Cutting the power connecting rod. Eventually, I may have to replace it with something a bit lighter.

Cold end cylinder complete

I decided that I didn't like the old uprights. Partly just the look and partly from reading Jerry Howell's web site about the importance of lots of cooling air. This should breath a little better.

Cap on cold end just finished along with brass gland.

Bearings are lovely on this - from the local skateboard shop. Just spin the fan and it never wants to stop.

Still have lots of wet sanding to do as you can tell by the rough looking edges. And, I'm reading more and learning a lot about mistakes made on past projects.


----------



## GailInNM (Aug 25, 2009)

Very nice workmanship David. Thm:
I built a 1/2 scale Moriya many years ago. It ran fairly well considering my crude workmanship on it.

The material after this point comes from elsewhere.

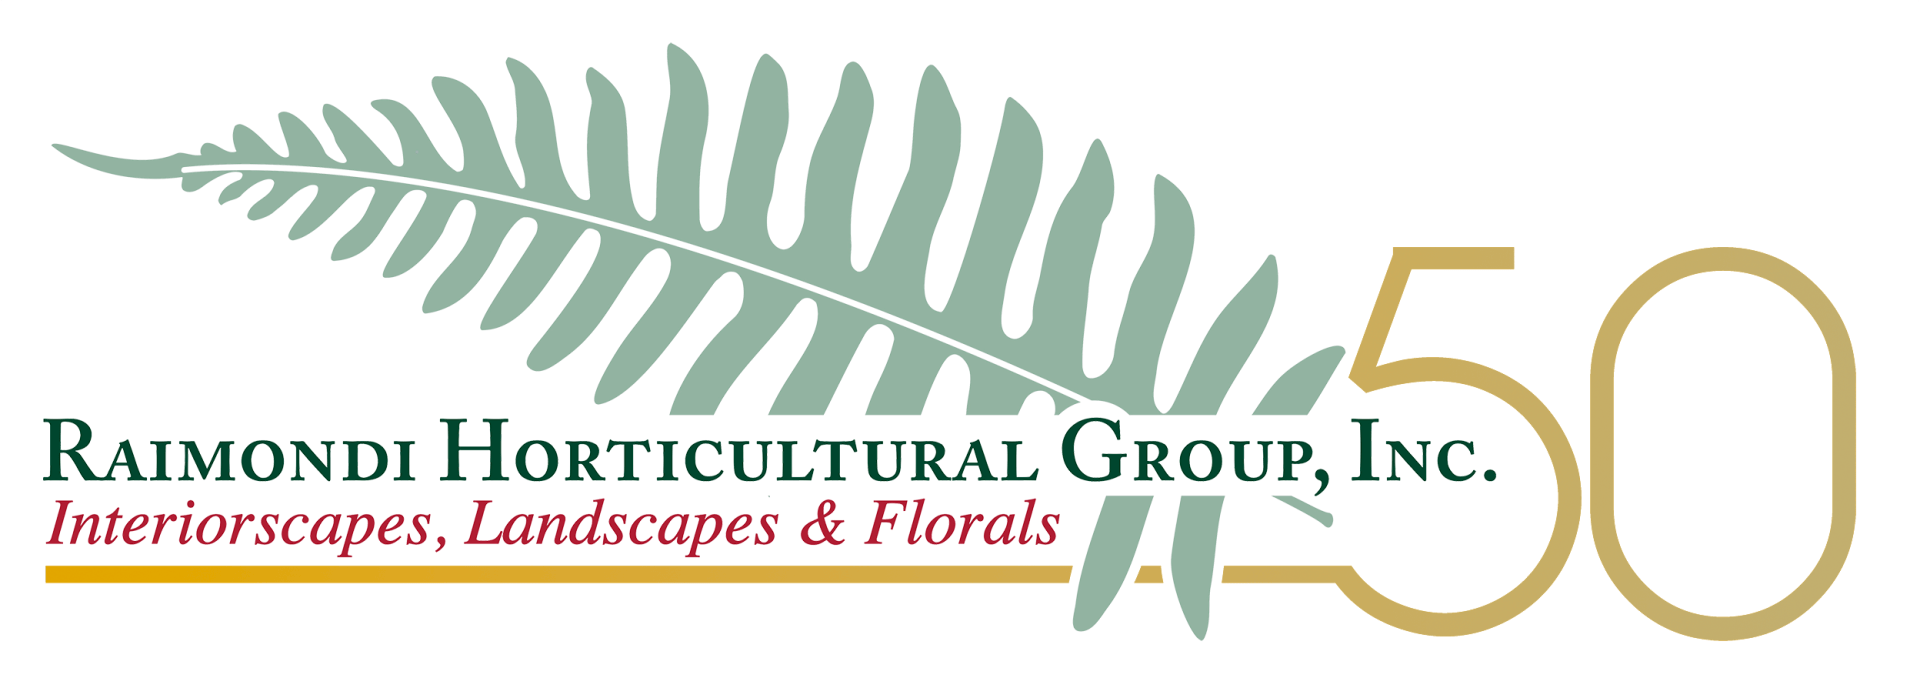 Raimondi Horticultural Group, Inc

Some day I would like to build another one and make it look pretty like yours. 
Gail in NM


----------



## hedgehog (Aug 26, 2009)

wow , great looking Stirling , im going to have to get a copy of this book. real nice


----------



## zeeprogrammer (Aug 26, 2009)

Looks great David.
I'm starting to suffer from 'wanna do that project' overload.


----------



## David Morrow (Sep 14, 2009)

Pictures show :

- Hot end cylinder

- Graphite power piston & connecting rod

- Underside of graphite power piston. I added a washer after taking this picture.

- Displacer connecting rod and bearing ( a Canadian penny is the same size as a U.S. penny placed for size reference. )

All parts are now made but requires final fitting, resizing a bit of the crankshaft ( a ten minute job on the lathe ) and the final wet sanding, polishing and maybe a bit or anodizing to add some colour.


----------



## David Morrow (Sep 15, 2009)

All the parts are made, I have compression and it's friction free but won't run yet. Probably an air leak but there will be lots of things to double check in the next few days.


----------



## David Morrow (Mar 19, 2012)

Well, I finally got it running. After being side tracked by numerous other projects, bike rides, etc, I ran out of excuses and got down to brass tacks. It really took a long time and persistence as so many of you have also found, especially on a first engine. I learned a number of things including ensuring that everything was air tight and the importance of the dimensions on the hot cap - especially the thickness of the bottom. Those two things alone made the difference between not running and running. As soon as I figure out how to shrink the size of my mpg4 video files, I'll try to post something on Youtube. 

I just about gave up but getting it running has encouraged me to build another one now that I know where the devils are ( in the details, as usual ). I've started a double size Moriya with encouragement and ideas from Orrin Iseminger whose double sized Moriya is also here on the forum.


----------



## lazylathe (Mar 19, 2012)

Awesome stuff David!!!! ;D

Excellent build and great pictures!

How did you do the lettering on it?
CNC?

Not sure how i missed this post...
But i am very keen to see the video of it running!!! ;D
I have the plans too and it is on my very long to do list!!!

Andrew


----------



## David Morrow (Mar 19, 2012)

lazylathe  said:
			
		

> Awesome stuff David!!!! ;D
> 
> Excellent build and great pictures!
> 
> ...



Thanks Andrew. Yes, I CNC'd the lettering along with all of the flat parts.


----------



## David Morrow (Oct 28, 2012)

Finally, a video

[ame]http://youtu.be/oPsmbx5Q5jE[/ame]


----------